Israel, Gibraltar, Chile, Seychelles, Malaysia, UK, Germany and many other highly vaccinated countries with high infection rates have been telling us something the advisers to the South African government have been more than unwilling to accept. The repeated message from these countries – before boosters – has been that the vaccinated can get infected, carry as much virus as the infected unvaccinated and can infect just as much as the unvaccinated, with natural immunity from previous infection being superior.

South Africa is probably the first country to have a surge with booster doses having been administered with an impending wave. Pfizer is aware that even its booster dose is not effective against Omicron at a less than 23% prevention of infection. Yet, what they like least of all is that it is not superior to not being vaccinated. While it is clear Omicron is milder for all, Pfizer still wants to capitalise on its contagion without admitting complete failure while stimulating investor confidence by talking about specific Omicron boosters. It also appears caught up and uncertain about whether to still sell what it claims is 70% protection against hospitalisation. Two doses in nations still lagging in vaccination rates, like South Africa, versus pushing for a specific three-dose Omicron booster regime for highly vaccinated nations? It’s a tough choice for big pharma to make.

South Africa should be leading the scientific discussions about this right now. However, with conflicted scientists (who are funded by the vaccine lobby) advising the government – and a mainstream media that sees it as their duty to push the government narrative at all costs and to the detriment of everything else (including early treatment options) – South Africans have been left vulnerable. Add to this, sadly, a complicit judiciary, industry and big business leaders who are not allowing a balanced discussion and discourse, and who are happy to use their powers to subjugate the masses through threats and coercion. By falling in line with the official narrative, we may have set ourselves up negatively in the long run as far as all matters of government intervention and especially health are concerned.
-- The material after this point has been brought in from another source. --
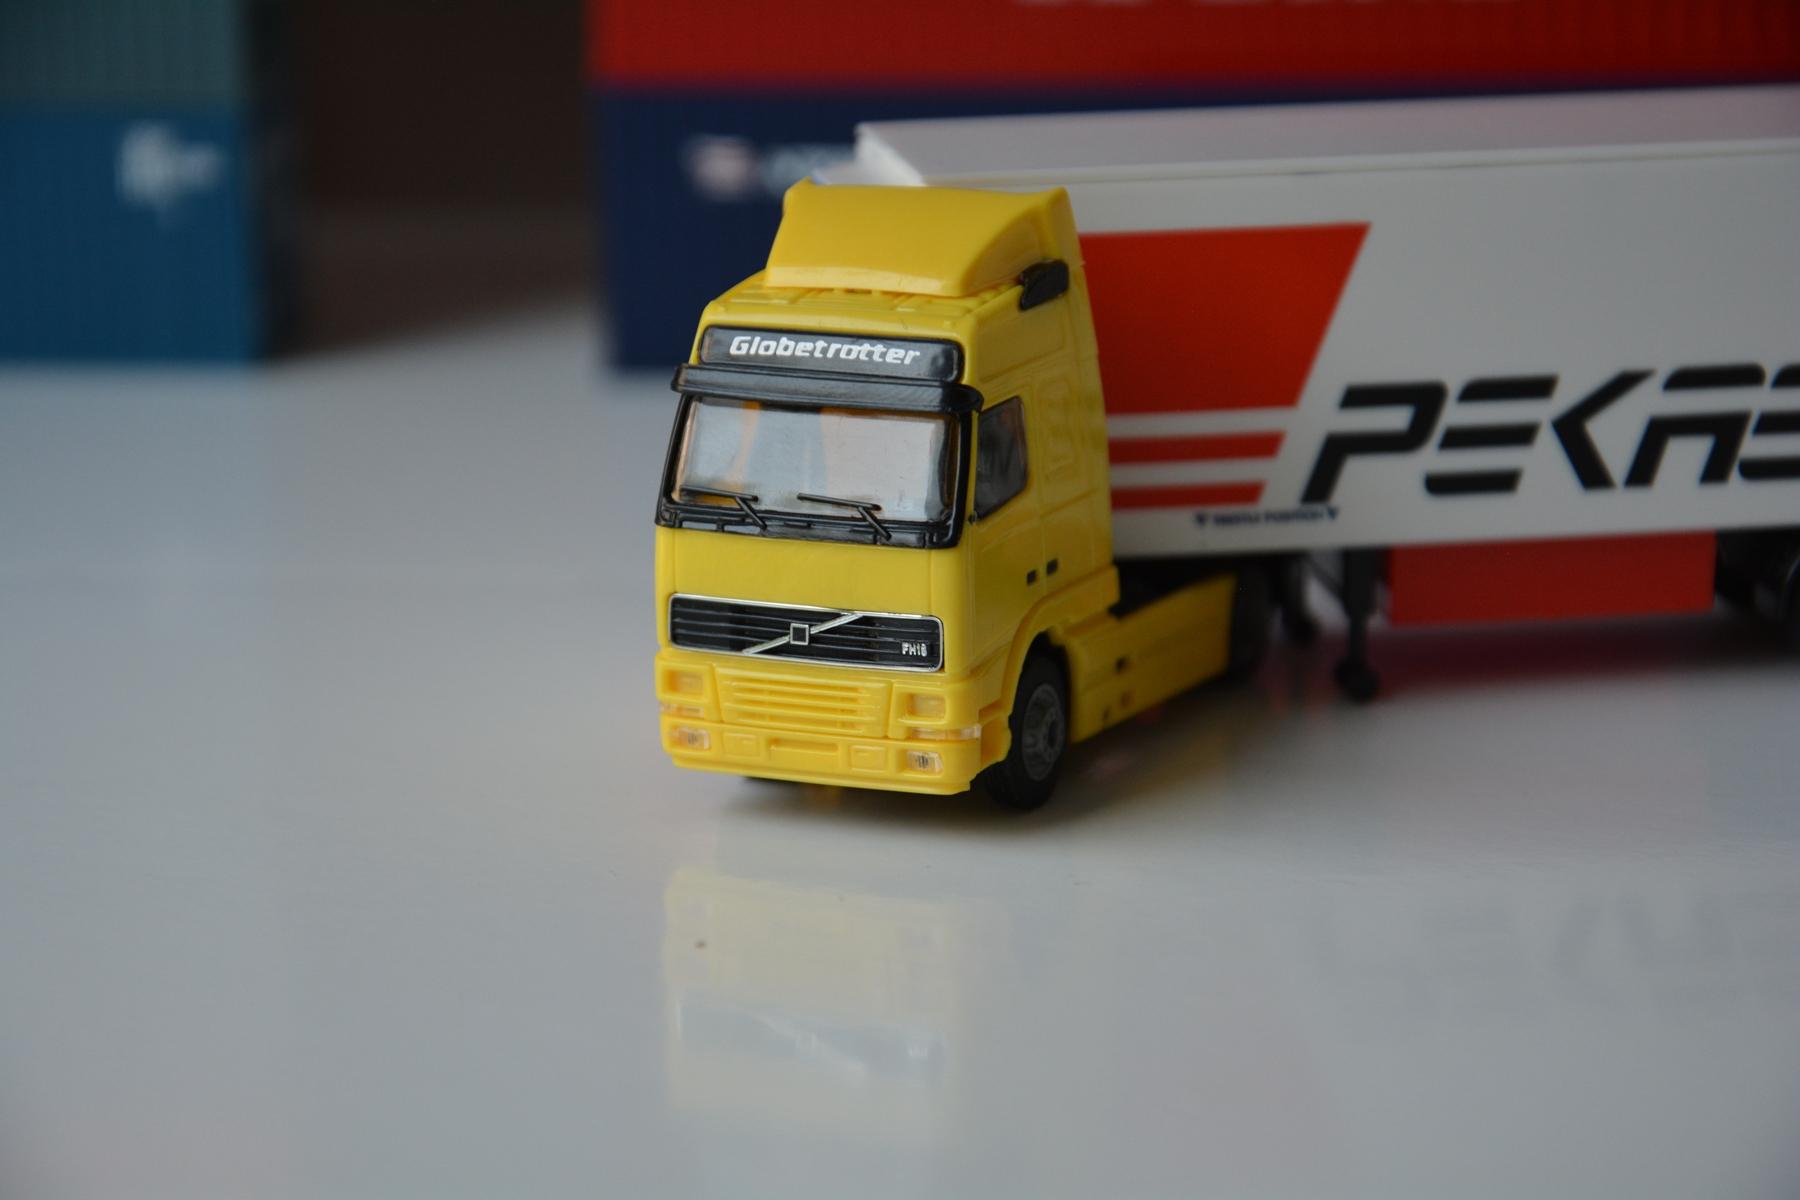 DSC_3998.JPG

3rd and 4th waves have a concerning coincidental spike with massive vaccine drives

One thing that is scientifically clear is that the first wave, which was the milder of the first three waves in South Africa, was the one the low-risk population should have gone through without lockdowns. The science shows that people who survived the alpha variant tend to have durable, robust and complete immunity better than that from vaccines up to the current Omicron. It confirms the now widely held consensus that it was a mistake to lockdown those at low risk of severe disease and death. Omicron is behaving the same and is possibly even less virulent. This may be a second opportunity for the country to act on the available science and not be driven by fear alone. It only serves the agenda of those who see profits to be made in a crisis by pushing a narrative in favour of only handlers and funders.
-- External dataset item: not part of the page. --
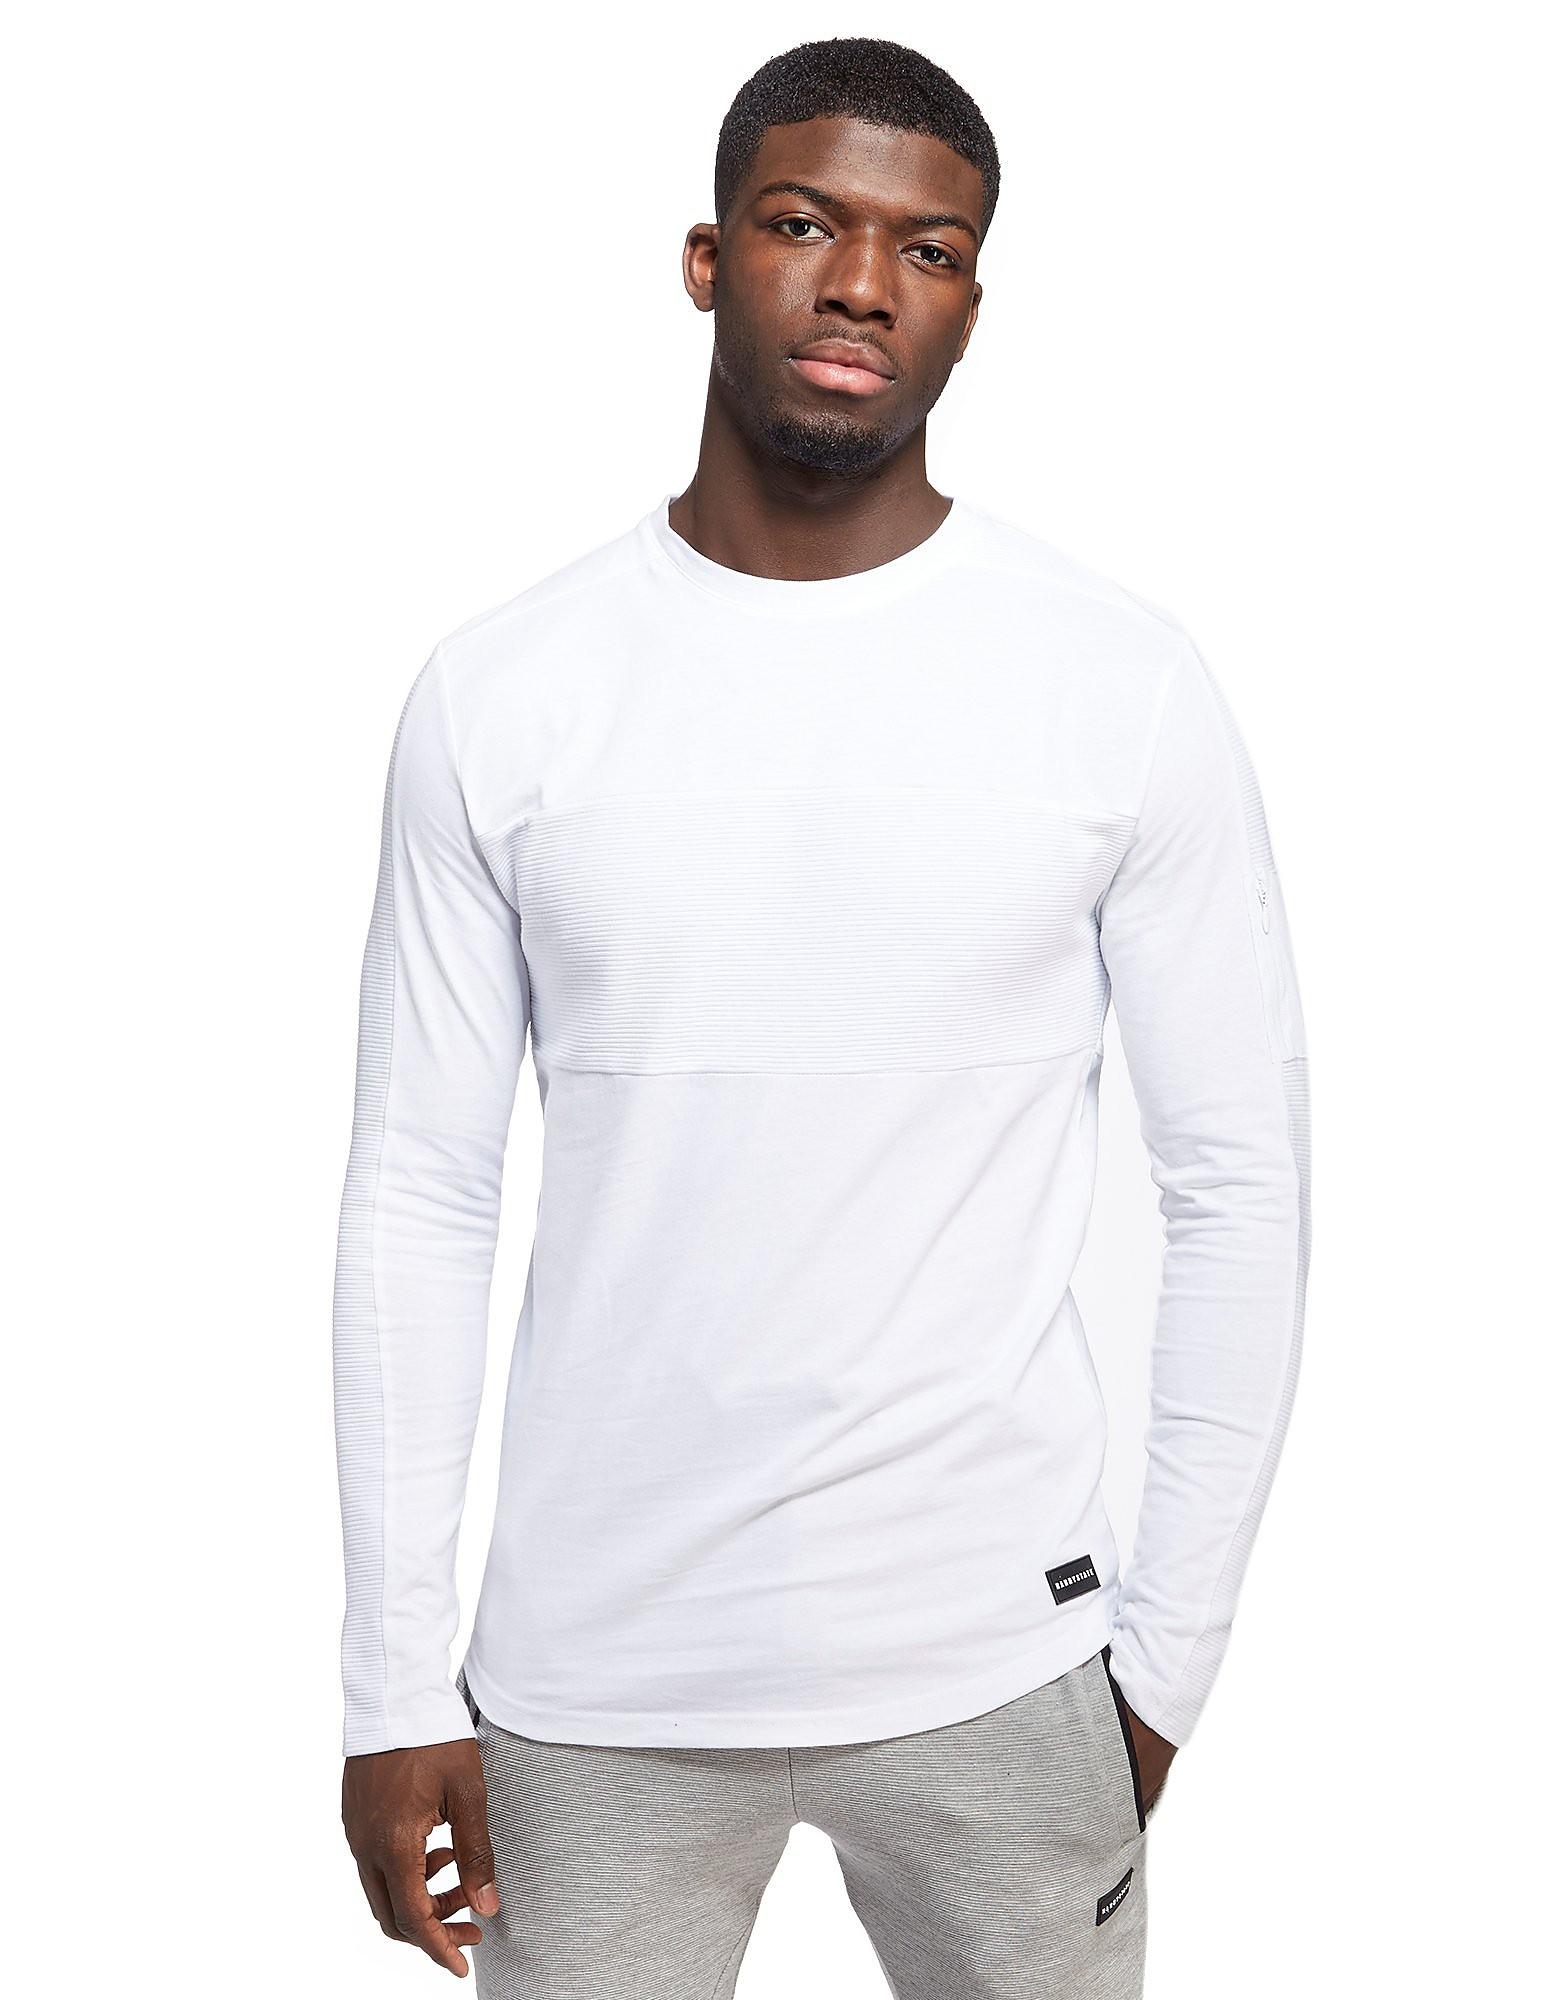 Nanny State Gears Long Sleeve T-Shirt

Discovery’s data claims that at least 80% of South Africans have been exposed to Covid-19, with a high level of possible community natural immunity. With all the above, it is hard to imagine why anybody thinks mandatory vaccinations and vaccine passports make sense in the South African context. They are definitely not entirely in the interest of the health of citizens, especially individuals and the masses at low risk but who face a higher risk of adverse events. They are of no benefit to the recently recovered, and they confer no benefit to the current circulating strain.

  • Dr Nathi Mdladla is a Cardiothoracic Anaesthetist and Intensive Care Specialist.